OSA Diagnostics

Towards enhances and individualized diagnostics of obstructive sleep apnea with wearable sensors and sophisticated computational parameters

Summary: Early diagnosis and timely treatment of obstructive sleep apnea (OSA) improve quality of life and decrease risk for life-threatening cardiovascular comorbidities. Unfortunately, current diagnostic methods for OSA are complicated, expensive and labour-intensive. Expensive and laborious in-laboratory polysomnography (PSG) is the gold standard in diagnosing OSA, but unfamiliar environment of sleep lab has an adverse effect on patient’s sleep. Despite of vast amount of information collected during an overnight PSG study, the field of clinical sleep medicine has settled for one simple metric, apnea-hypopnea index (AHI), i.e. number of obstruction events per hour to characterize the disease severity. The lack of strong association between AHI and clinical consequences (e.g. daytime sleepiness, hypertension and stroke) indicates that AHI poorly integrates with the complex pathophysiology of OSA.

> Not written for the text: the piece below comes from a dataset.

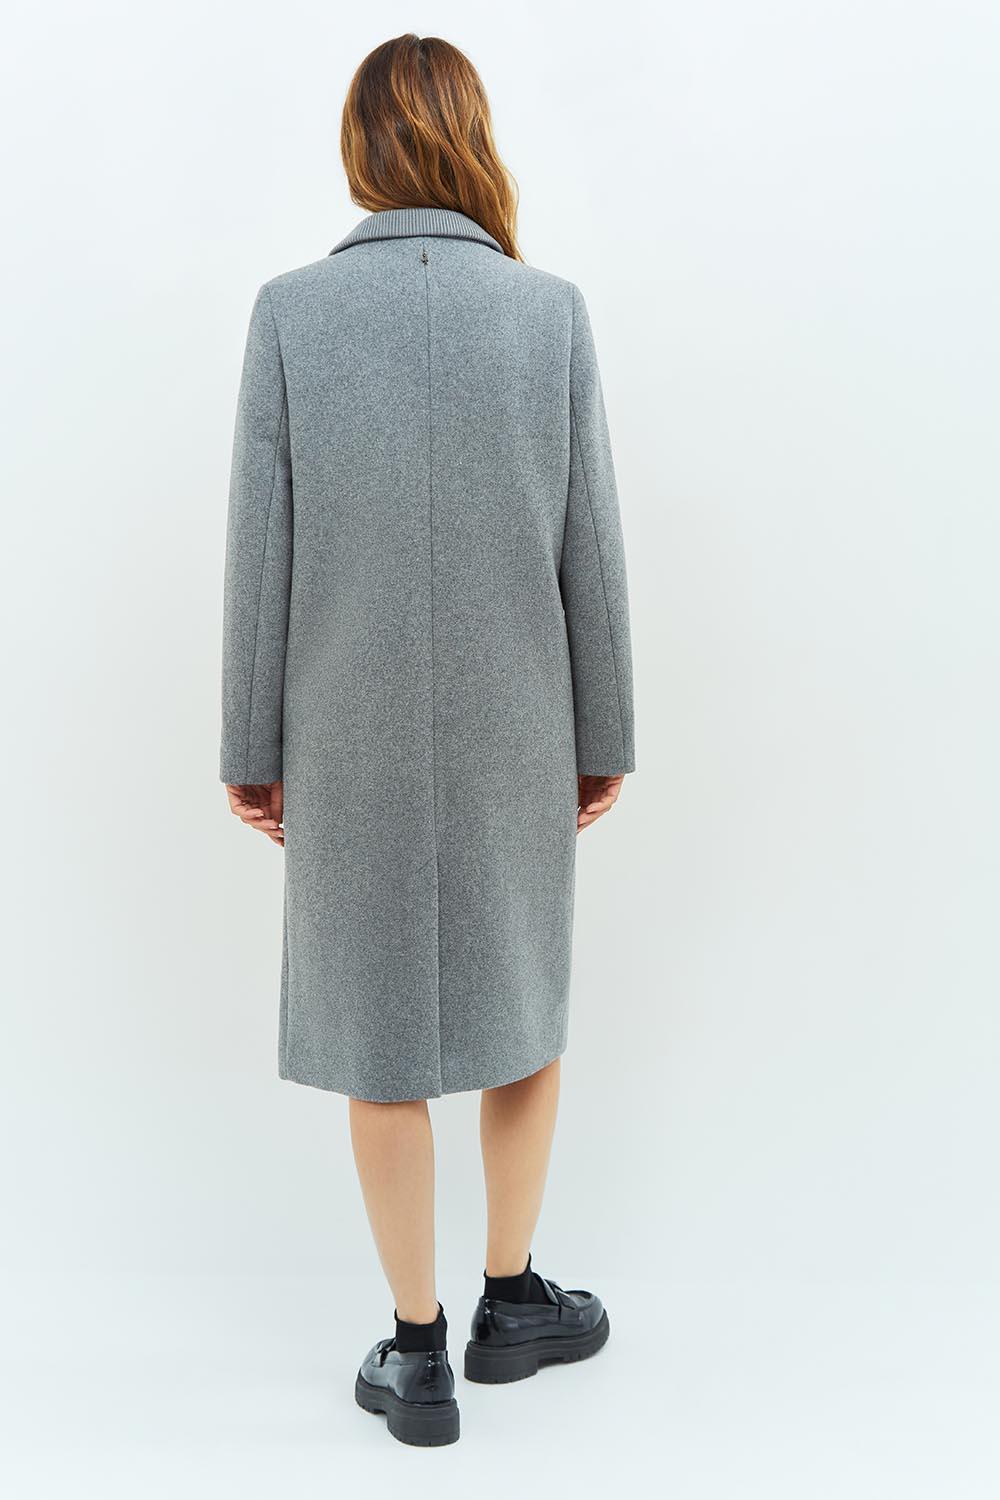 DUSTIN - Manteau gris avec bord-côte au col
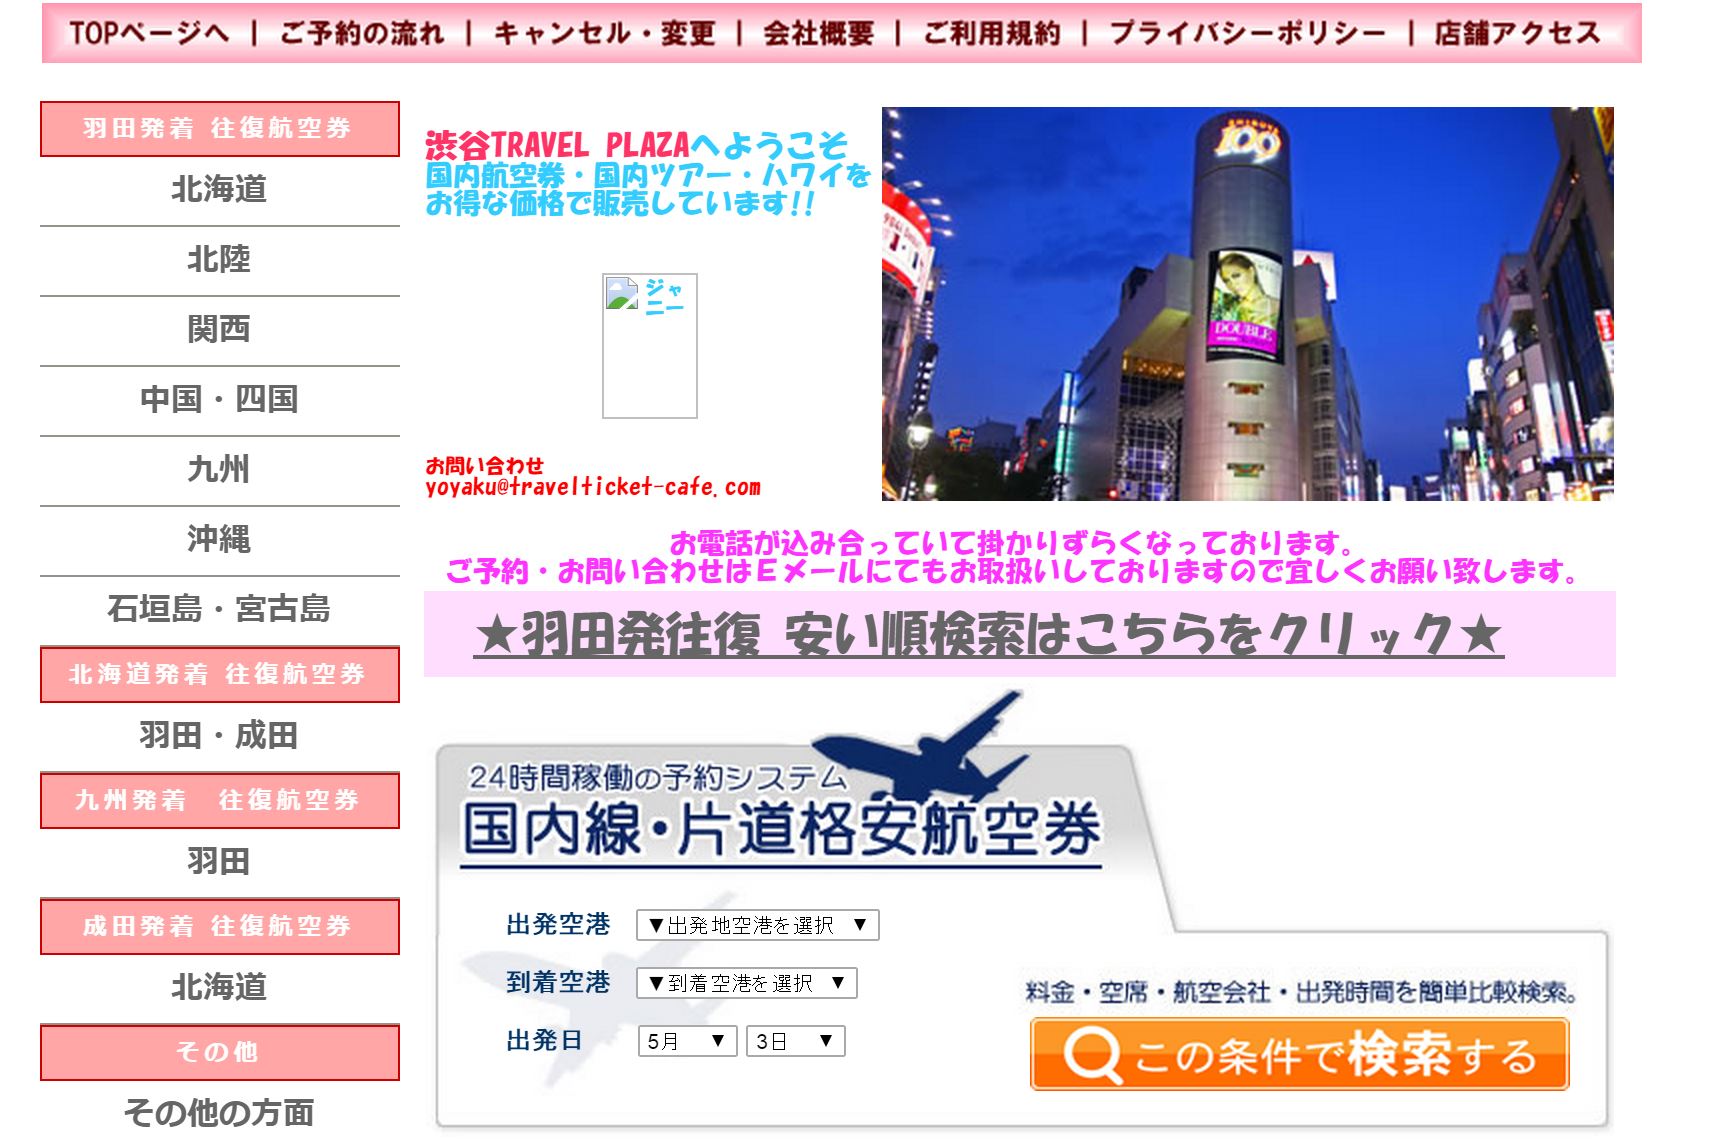 旅行業3種「渋谷トラベルプラザ」が事業廃止（同社の全文掲載）、東京都が消費者に対応呼びかけ

We hypothesize that these issues can be solved by introducing a simple diagnostic method for OSA utilizing minimally sleep-disturbing wearable sensors, automatic analysis tools and new diagnostic parameters. This could response a growing pressure to move most sleep studies from sleep lab to home. Furthermore, we hypothesize that new innovative computational parameters that take into account the severity of individual obstruction events will significantly increase the accuracy of OSA severity estimation. We will reach the ambitious goals by providing knowledge on feasibility, usability and diagnostic accuracy of new wearable sensors for their further development. Connection between obstruction event severity, cortical arousals and hemodynamic responses are also explored to reveal new OSA-related biomarkers helping us to further develop our innovative diagnostic parameters. Reaching these goals is facilitated by active collaboration and research exchange with top research groups in Universitätsmedizin Berlin, Princess Alexandra Hospital, Brisbane and Loewenstein Hospital, Raanana.

The outcomes of this research can lead to paradigm shift in the diagnostics of OSA and have a significant positive impact in national health and socioeconomy. Wearable sleep monitoring systems and sophisticated analysis algorithms also open a huge global business potential for business partners operating at medical device sector as well as for health centers and sleep clinics by offering telemedicine sleep diagnostic services.

Research period: 1.1.2018-31.12.2019

Funding: Academy of Finland (ICT 2023: User-Centred Health Technology and Digital Health).